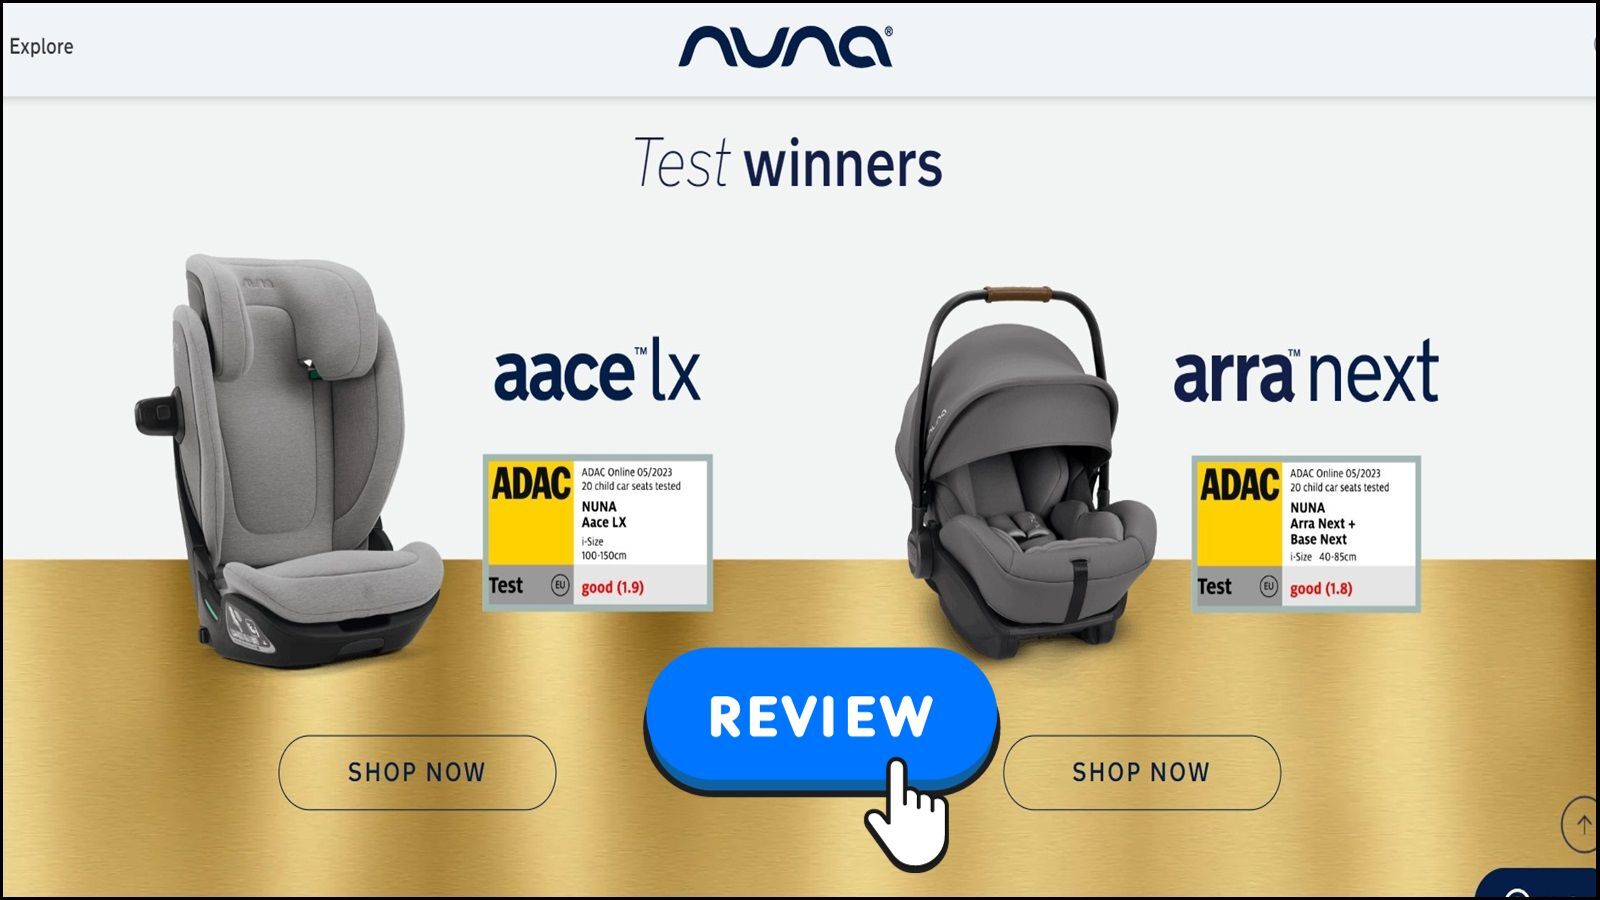 Nuna Car Seat Review: *Pros and Cons* Should You Buy It for Your Baby?
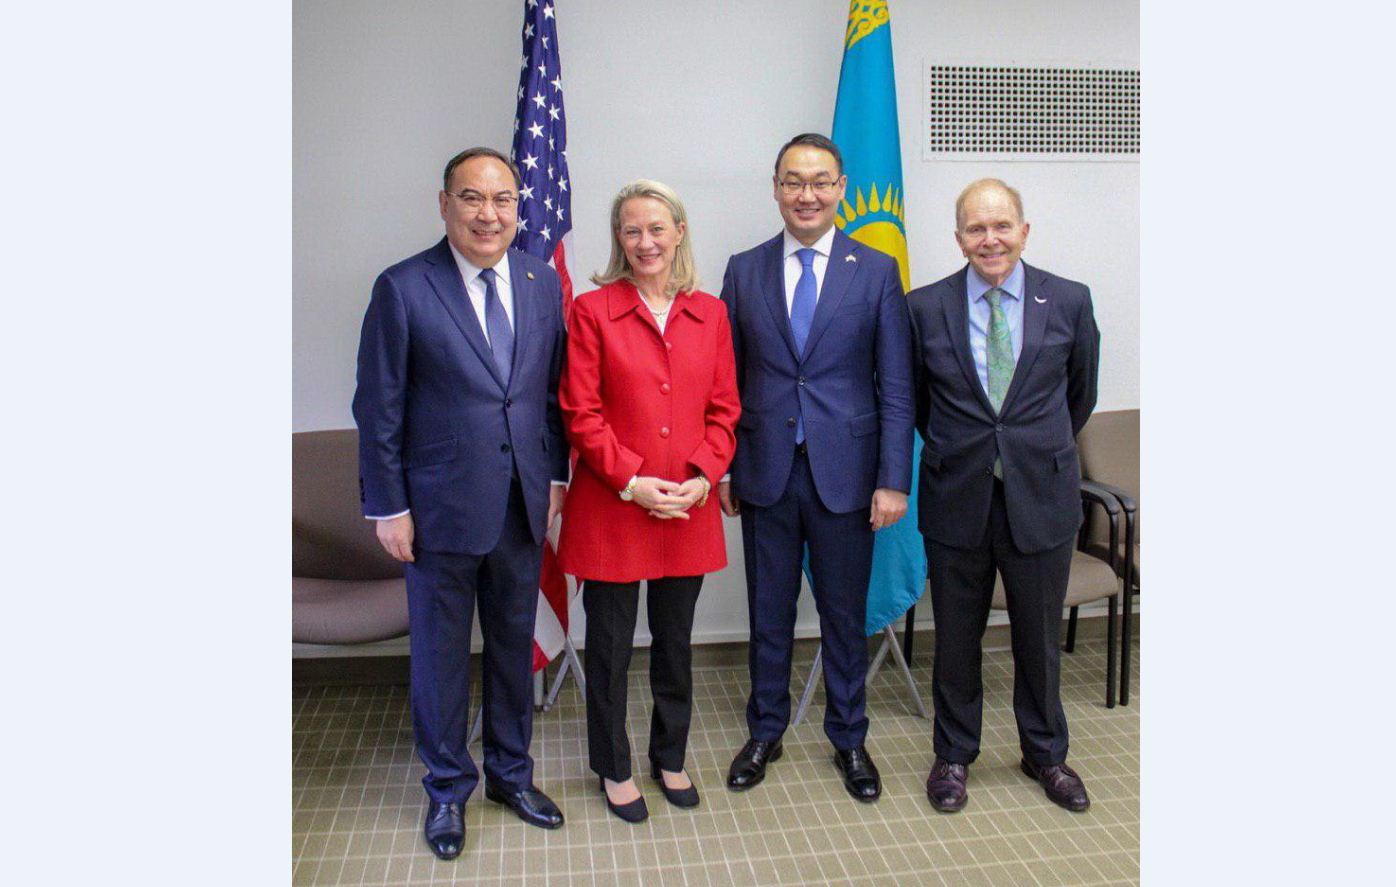 Partnership between Kazakhstan and the US discussed in Washington
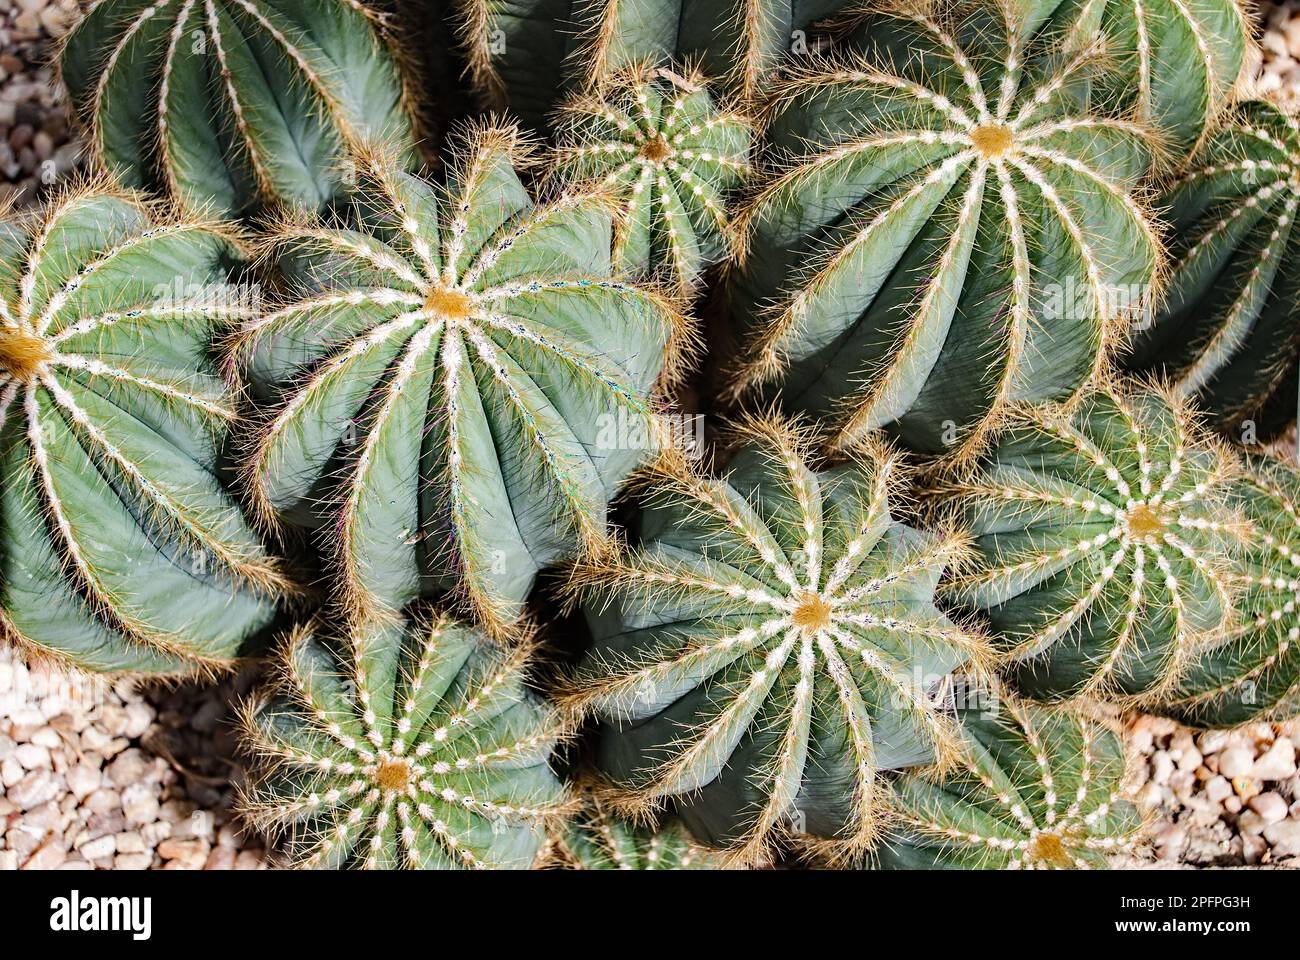 Parodia Magnifica or Balloon cactus starts off growing spherical but becomes more cylindrical with age. Stock Photo

· · ·

* [PROBLEM REQUIREMENTS] Please set down each line of the data above exactly as written, without the pictures.

* [YOUR SOLUTION]
 Nuna Car Seat Review: *Pros and Cons* Should You Buy It for Your Baby?
 Partnership between Kazakhstan and the US discussed in Washington
 Parodia Magnifica or Balloon cactus starts off growing spherical but becomes more cylindrical with age. Stock Photo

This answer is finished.